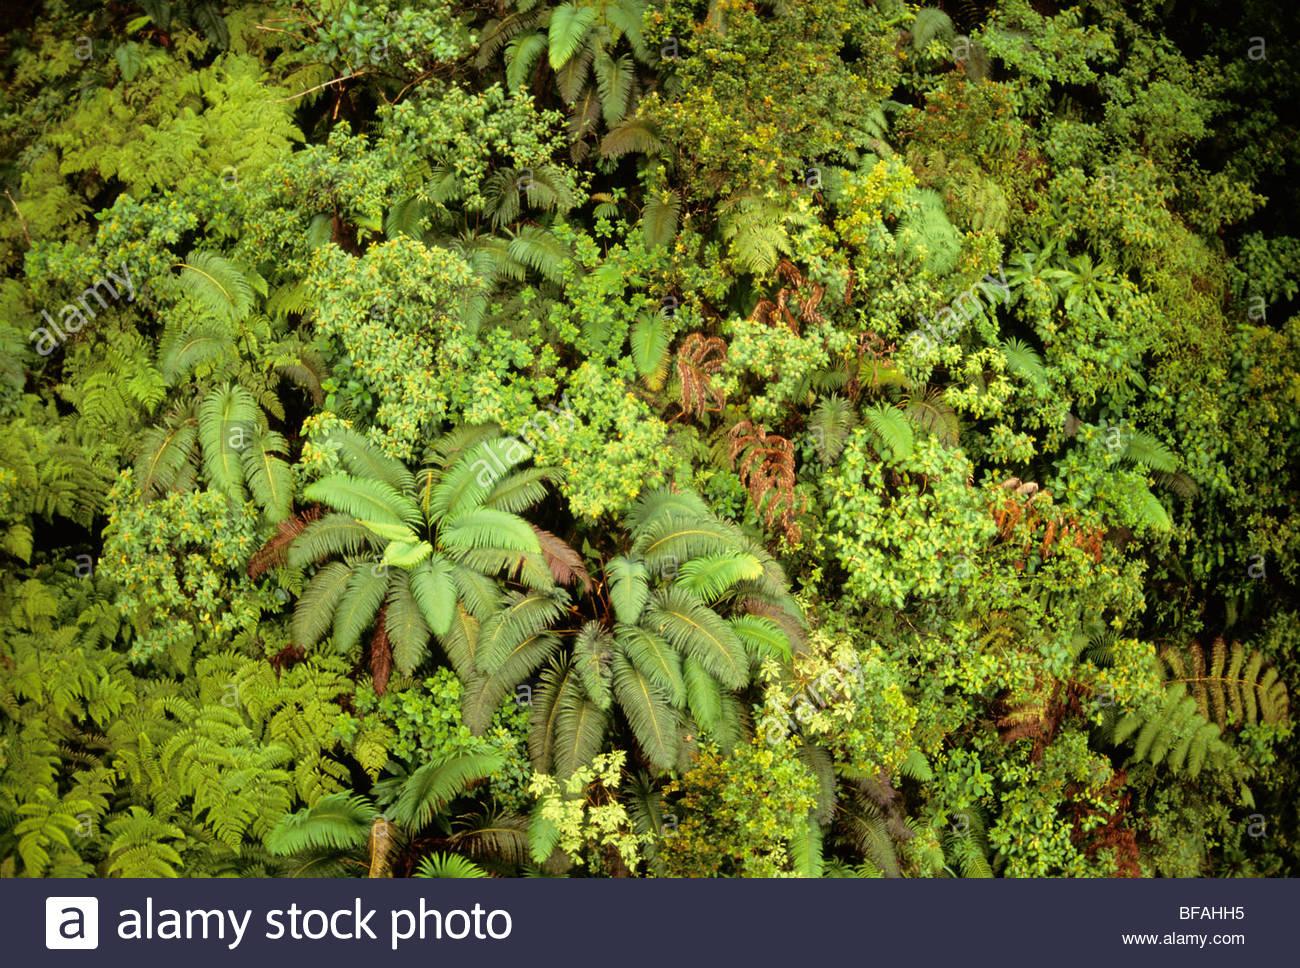 Ferns and other forest vegetation, Wai Ale Ale, Kauai, Hawaii - Stock Image
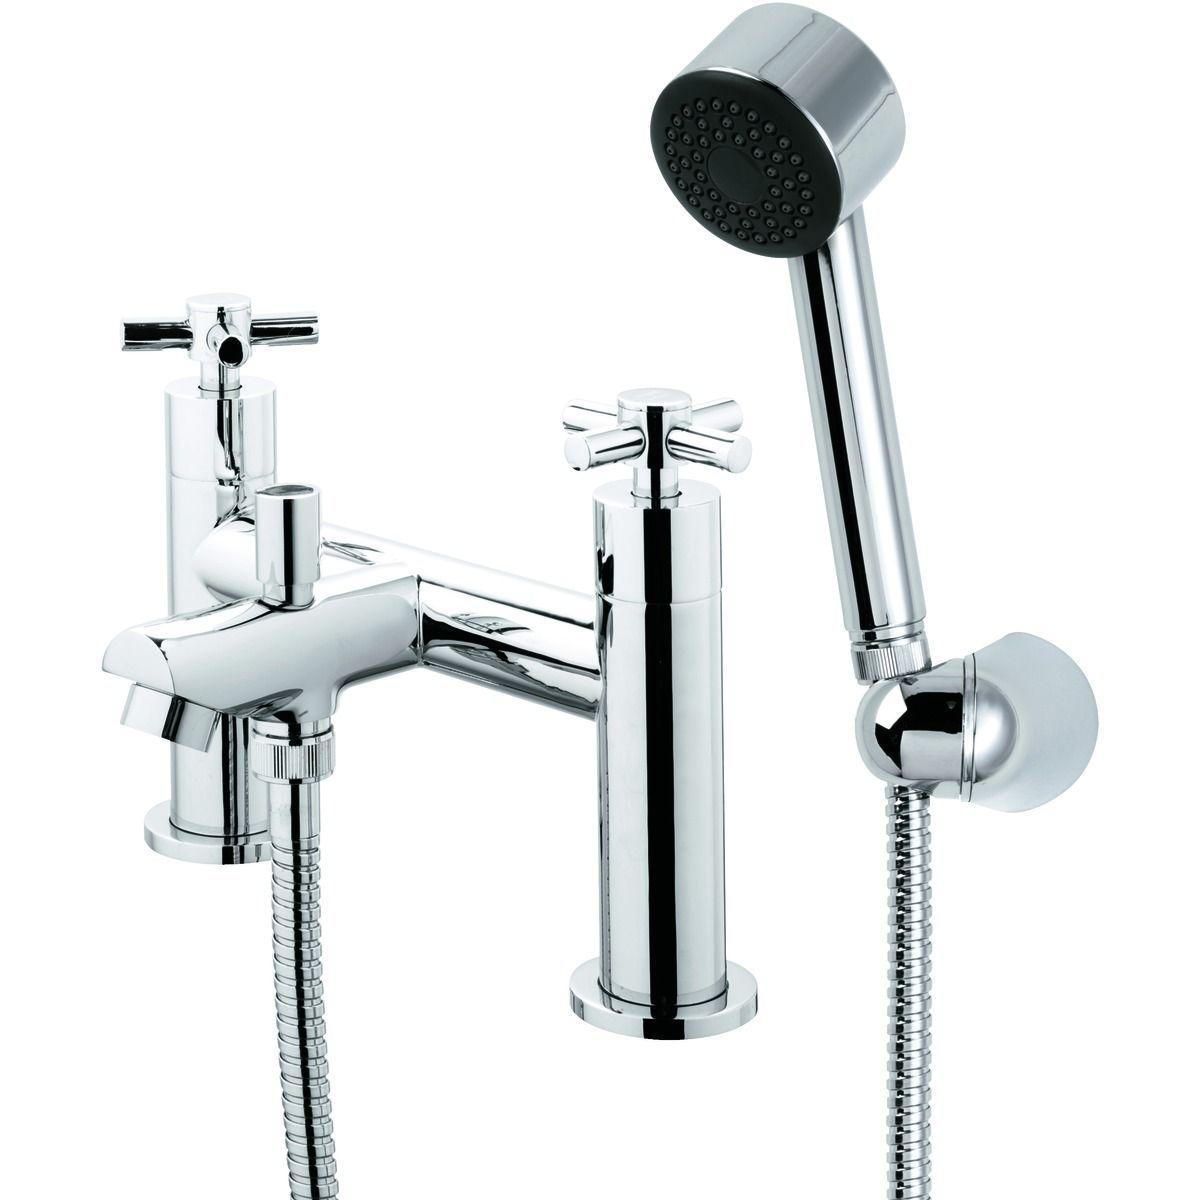 Wickes Trivor Bath Shower Mixer Chrome | Wickes.co.uk | New house ...
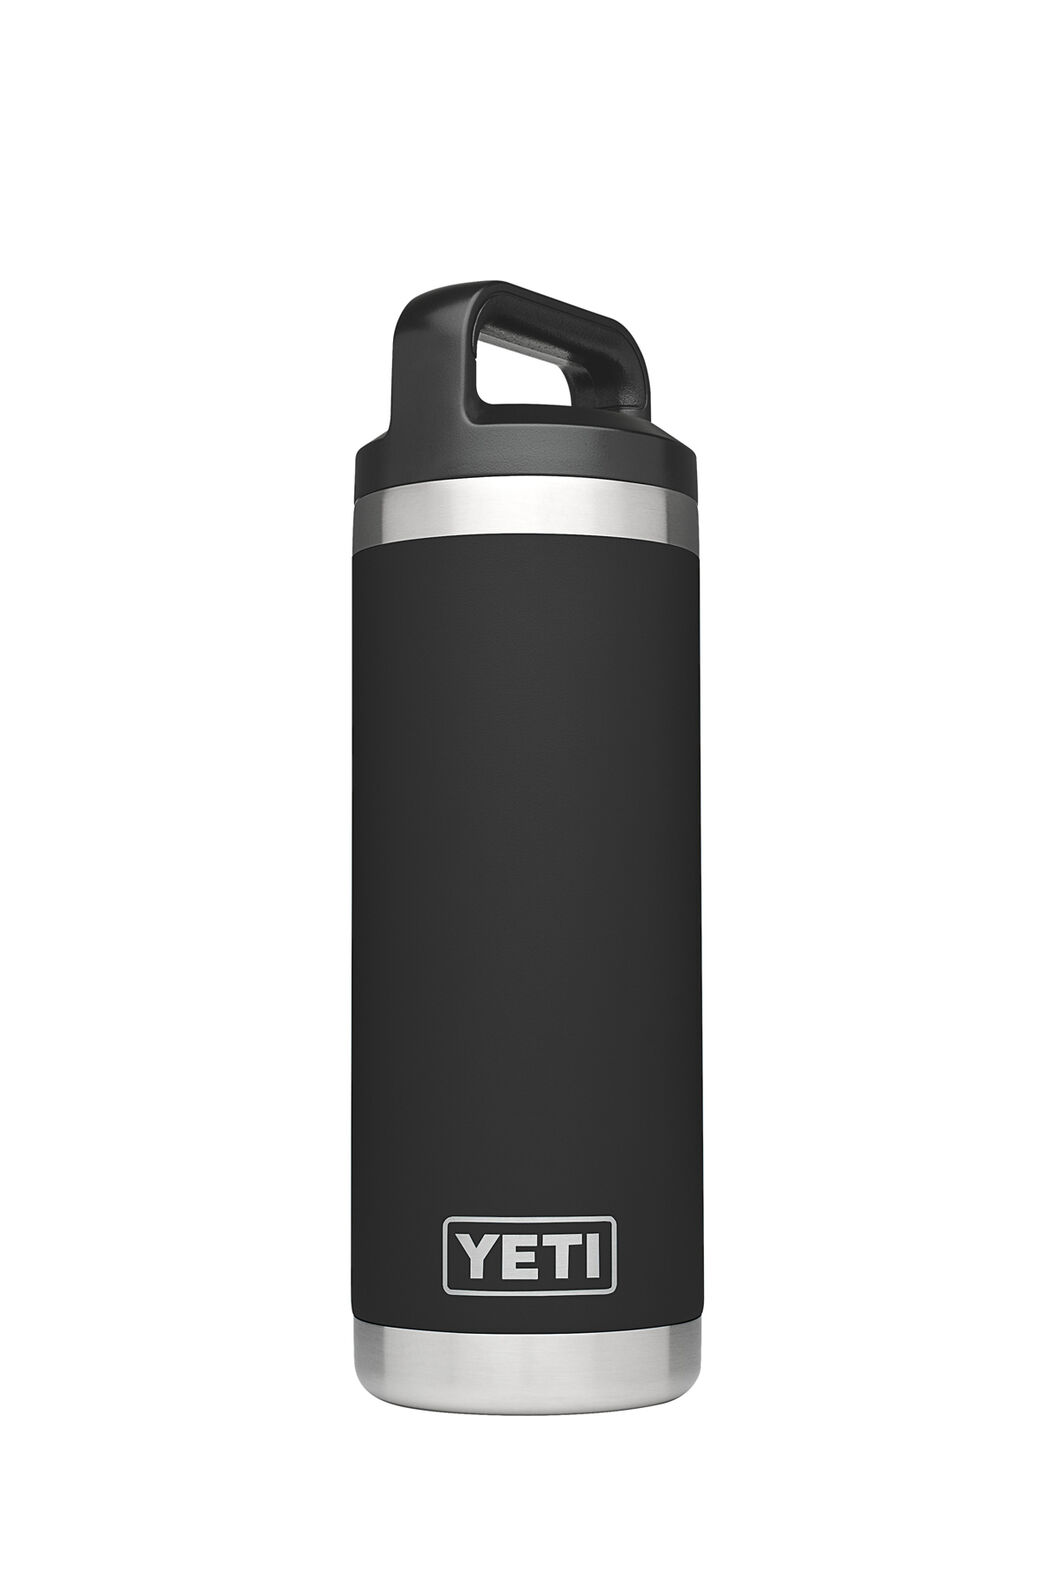 Yeti Rambler Drink Bottle Stainless Steel 18oz, Black, hi-res
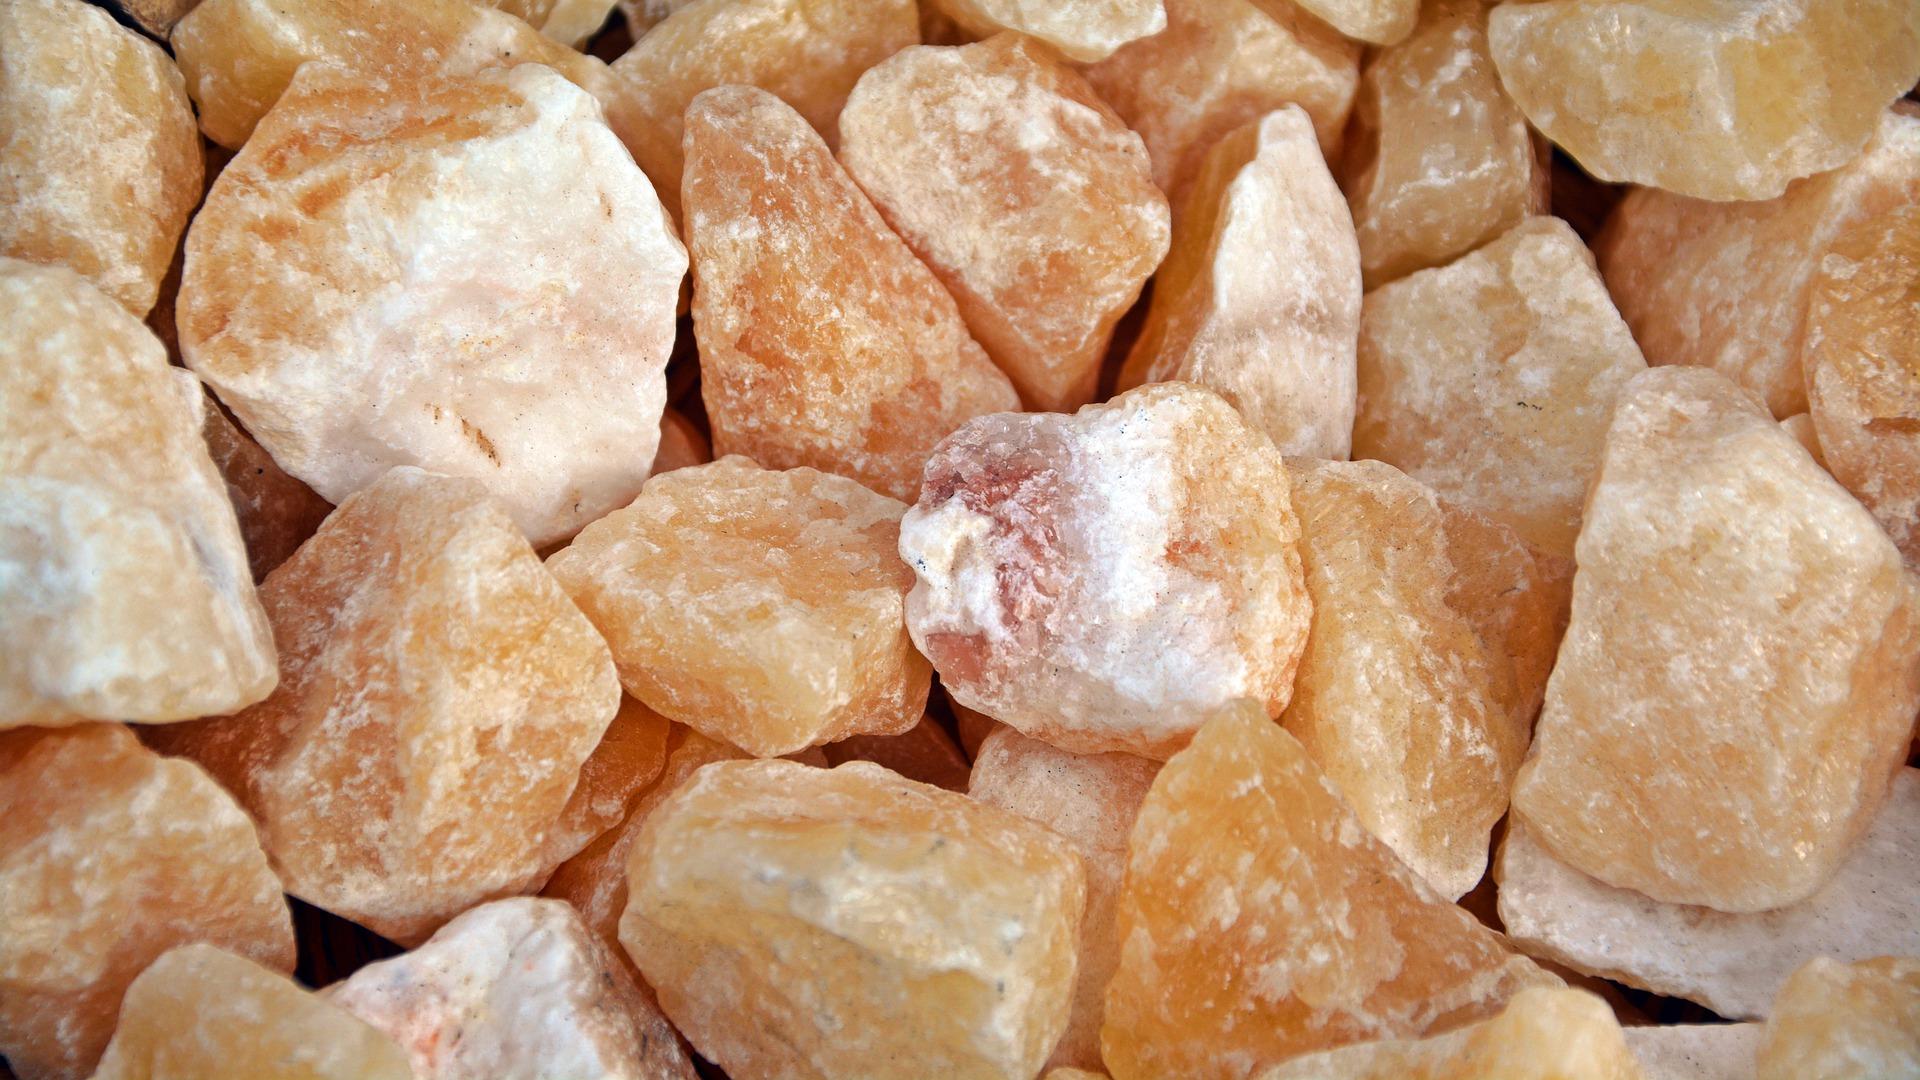 honey-calcite-4478256_1920
***
» **Problem to work on**: Could you transcribe all of the data exactly, keeping every picture out of the copy?

» **Written response**:
 Ferns and other forest vegetation, Wai Ale Ale, Kauai, Hawaii - Stock Image
 Wickes Trivor Bath Shower Mixer Chrome | Wickes.co.uk | New house ...
 Yeti Rambler Drink Bottle Stainless Steel 18oz, Black, hi-res
 honey-calcite-4478256_1920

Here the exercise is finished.